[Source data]
=== Section Start ===
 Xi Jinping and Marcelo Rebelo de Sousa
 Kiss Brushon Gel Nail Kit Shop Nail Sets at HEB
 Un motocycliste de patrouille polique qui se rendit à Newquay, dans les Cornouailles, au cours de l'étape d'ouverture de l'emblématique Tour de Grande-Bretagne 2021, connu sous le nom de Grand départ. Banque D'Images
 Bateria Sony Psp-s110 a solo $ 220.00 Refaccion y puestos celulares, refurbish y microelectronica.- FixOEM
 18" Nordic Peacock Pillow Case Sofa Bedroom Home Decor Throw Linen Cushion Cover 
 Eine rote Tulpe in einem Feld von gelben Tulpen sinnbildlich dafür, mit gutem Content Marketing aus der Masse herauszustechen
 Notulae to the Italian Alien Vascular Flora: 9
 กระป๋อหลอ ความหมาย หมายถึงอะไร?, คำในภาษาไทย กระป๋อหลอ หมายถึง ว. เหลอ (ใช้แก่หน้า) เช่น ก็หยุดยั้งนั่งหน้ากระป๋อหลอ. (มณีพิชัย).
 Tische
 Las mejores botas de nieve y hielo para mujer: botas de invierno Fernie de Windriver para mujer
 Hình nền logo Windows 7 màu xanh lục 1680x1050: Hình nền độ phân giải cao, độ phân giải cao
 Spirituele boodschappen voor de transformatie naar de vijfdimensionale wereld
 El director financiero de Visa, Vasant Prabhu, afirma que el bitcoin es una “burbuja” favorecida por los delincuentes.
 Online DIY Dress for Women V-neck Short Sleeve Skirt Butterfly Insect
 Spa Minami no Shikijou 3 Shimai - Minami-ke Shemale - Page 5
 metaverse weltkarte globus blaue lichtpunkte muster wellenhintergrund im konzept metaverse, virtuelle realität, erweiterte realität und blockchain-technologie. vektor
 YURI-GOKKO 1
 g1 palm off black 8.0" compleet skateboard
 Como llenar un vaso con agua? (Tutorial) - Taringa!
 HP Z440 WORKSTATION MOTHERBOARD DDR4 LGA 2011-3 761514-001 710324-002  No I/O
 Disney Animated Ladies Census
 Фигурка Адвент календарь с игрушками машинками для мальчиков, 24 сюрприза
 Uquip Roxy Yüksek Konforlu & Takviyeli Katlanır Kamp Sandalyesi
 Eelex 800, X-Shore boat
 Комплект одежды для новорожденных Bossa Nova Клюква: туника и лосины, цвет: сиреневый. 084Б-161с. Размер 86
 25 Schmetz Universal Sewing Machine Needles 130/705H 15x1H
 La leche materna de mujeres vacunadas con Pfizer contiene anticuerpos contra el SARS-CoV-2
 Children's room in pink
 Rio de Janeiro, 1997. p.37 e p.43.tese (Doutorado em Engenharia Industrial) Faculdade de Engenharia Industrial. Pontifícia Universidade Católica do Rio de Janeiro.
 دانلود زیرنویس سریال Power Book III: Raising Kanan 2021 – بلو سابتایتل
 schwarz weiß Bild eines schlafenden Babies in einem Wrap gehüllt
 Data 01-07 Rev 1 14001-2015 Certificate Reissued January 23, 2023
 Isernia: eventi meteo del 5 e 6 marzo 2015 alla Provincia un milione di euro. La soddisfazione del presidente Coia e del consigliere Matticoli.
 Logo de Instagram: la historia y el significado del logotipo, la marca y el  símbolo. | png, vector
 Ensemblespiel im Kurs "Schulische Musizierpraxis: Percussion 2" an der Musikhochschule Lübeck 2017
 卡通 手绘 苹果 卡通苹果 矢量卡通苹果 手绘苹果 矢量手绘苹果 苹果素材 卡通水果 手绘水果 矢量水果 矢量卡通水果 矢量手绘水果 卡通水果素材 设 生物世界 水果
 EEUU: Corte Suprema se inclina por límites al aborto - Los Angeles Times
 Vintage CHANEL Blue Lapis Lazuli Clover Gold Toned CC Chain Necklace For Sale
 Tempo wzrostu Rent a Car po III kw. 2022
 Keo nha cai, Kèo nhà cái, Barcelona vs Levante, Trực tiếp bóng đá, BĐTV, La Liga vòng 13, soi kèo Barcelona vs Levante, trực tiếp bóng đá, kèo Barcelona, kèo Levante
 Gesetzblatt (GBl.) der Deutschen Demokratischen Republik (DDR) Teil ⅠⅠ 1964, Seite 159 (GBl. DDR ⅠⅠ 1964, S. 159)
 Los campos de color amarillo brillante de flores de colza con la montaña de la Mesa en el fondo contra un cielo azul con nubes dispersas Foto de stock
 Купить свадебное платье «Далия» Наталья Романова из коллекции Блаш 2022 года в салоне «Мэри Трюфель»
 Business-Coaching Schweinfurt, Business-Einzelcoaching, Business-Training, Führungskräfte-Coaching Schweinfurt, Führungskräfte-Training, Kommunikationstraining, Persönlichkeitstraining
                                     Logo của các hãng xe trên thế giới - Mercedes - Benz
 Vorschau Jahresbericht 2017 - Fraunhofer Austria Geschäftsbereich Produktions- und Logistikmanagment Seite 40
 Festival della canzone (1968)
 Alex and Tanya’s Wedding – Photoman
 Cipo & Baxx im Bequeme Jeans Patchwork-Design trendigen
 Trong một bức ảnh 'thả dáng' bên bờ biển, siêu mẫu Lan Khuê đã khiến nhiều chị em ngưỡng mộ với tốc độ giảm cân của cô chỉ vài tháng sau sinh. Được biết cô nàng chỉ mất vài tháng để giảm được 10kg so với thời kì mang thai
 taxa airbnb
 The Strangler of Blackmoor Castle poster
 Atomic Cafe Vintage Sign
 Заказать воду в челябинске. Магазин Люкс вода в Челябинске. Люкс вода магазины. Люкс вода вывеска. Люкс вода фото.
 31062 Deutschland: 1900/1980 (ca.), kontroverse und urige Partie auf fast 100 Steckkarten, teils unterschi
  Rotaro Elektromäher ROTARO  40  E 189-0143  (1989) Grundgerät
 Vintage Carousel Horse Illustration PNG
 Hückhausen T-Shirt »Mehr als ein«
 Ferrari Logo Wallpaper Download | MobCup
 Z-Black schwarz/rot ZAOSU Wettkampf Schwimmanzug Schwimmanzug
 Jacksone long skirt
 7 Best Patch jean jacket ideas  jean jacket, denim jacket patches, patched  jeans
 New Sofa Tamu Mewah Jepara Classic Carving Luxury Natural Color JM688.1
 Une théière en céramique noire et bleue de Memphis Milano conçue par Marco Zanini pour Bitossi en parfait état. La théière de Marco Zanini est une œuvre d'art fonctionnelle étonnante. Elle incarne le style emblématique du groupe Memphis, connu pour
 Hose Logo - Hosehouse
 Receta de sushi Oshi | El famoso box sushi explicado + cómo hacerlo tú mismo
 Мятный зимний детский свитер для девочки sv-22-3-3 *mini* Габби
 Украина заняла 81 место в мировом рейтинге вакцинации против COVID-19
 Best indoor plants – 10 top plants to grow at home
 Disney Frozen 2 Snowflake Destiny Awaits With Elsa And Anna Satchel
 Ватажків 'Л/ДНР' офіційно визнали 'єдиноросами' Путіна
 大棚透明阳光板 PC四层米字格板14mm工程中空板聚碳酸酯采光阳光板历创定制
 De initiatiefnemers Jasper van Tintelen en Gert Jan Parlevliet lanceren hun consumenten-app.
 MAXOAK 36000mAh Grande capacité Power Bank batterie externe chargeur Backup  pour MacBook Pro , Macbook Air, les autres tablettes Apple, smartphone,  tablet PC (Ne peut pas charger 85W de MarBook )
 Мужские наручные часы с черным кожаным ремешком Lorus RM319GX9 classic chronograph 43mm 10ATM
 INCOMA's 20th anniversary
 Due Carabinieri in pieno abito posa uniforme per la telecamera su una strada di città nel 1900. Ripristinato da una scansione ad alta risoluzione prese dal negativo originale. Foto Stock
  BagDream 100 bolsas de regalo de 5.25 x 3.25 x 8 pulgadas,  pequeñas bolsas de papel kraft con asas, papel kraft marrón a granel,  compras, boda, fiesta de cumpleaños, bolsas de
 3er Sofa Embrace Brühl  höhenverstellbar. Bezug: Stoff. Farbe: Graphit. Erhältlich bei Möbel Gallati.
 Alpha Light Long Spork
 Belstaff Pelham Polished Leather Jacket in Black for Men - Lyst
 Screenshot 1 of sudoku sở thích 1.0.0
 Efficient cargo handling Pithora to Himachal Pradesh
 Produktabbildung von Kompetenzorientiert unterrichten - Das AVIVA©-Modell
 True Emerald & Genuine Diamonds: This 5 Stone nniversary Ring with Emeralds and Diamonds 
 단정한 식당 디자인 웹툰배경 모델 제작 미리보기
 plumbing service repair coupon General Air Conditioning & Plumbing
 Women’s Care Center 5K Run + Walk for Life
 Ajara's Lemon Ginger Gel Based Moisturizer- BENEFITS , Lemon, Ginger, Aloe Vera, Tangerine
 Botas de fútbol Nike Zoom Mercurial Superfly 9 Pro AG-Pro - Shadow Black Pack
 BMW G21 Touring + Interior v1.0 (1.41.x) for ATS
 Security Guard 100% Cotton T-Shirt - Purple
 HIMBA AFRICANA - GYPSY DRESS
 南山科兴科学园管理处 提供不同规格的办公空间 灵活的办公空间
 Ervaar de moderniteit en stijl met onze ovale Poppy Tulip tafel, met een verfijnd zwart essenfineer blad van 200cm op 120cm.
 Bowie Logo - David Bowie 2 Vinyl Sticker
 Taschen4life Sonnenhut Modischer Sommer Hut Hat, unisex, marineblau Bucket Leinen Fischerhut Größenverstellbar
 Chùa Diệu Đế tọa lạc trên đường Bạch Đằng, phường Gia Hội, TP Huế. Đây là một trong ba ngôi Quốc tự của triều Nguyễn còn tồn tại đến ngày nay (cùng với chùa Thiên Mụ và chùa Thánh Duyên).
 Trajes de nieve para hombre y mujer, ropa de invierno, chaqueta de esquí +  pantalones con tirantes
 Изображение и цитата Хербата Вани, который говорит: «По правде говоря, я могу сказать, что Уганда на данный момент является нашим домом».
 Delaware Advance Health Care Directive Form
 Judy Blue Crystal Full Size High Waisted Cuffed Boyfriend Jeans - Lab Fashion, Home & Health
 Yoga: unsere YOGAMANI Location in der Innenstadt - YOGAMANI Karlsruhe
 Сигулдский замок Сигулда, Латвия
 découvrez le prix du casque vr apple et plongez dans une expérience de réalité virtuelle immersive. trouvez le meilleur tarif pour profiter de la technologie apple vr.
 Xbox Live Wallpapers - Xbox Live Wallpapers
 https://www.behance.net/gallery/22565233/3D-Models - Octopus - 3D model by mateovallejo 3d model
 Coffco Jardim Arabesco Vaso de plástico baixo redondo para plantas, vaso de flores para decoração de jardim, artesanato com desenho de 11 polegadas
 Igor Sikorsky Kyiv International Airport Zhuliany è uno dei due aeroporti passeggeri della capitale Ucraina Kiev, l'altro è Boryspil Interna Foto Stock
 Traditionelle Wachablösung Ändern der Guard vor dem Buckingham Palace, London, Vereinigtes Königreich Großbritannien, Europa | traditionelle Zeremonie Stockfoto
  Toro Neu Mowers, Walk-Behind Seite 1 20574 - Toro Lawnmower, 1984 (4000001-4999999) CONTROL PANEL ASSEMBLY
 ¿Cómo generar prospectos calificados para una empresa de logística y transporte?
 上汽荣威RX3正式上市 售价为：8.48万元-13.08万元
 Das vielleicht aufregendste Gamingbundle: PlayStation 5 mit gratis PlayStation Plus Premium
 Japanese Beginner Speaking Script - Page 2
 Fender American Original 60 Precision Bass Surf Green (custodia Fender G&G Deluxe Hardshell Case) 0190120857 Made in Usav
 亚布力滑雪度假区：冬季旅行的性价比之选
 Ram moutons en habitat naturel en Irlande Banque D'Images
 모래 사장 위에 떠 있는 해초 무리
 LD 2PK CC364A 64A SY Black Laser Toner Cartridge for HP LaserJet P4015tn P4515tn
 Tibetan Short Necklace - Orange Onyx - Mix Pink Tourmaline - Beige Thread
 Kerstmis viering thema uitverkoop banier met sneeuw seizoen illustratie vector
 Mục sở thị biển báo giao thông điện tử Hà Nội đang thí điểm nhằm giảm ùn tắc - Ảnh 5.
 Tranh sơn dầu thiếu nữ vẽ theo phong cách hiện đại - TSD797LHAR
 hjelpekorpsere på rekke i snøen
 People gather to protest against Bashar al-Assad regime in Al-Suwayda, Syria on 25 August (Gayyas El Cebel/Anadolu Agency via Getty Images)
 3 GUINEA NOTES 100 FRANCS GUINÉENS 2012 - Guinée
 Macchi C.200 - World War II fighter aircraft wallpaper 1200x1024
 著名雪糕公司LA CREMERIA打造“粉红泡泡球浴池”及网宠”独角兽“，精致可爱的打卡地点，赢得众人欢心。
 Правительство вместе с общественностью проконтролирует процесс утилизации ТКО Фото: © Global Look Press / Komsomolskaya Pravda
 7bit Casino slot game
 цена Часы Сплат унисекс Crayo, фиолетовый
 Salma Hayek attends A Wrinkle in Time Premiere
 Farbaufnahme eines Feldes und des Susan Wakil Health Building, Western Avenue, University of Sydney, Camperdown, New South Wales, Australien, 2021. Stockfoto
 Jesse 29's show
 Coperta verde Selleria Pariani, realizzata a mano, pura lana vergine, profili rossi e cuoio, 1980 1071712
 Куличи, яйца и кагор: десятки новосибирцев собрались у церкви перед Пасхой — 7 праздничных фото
=== Section End ===
Exercise brief: For the string "biển", return every line of the data where it appears.

Result:
 Trong một bức ảnh 'thả dáng' bên bờ biển, siêu mẫu Lan Khuê đã khiến nhiều chị em ngưỡng mộ với tốc độ giảm cân của cô chỉ vài tháng sau sinh. Được biết cô nàng chỉ mất vài tháng để giảm được 10kg so với thời kì mang thai
 Mục sở thị biển báo giao thông điện tử Hà Nội đang thí điểm nhằm giảm ùn tắc - Ảnh 5.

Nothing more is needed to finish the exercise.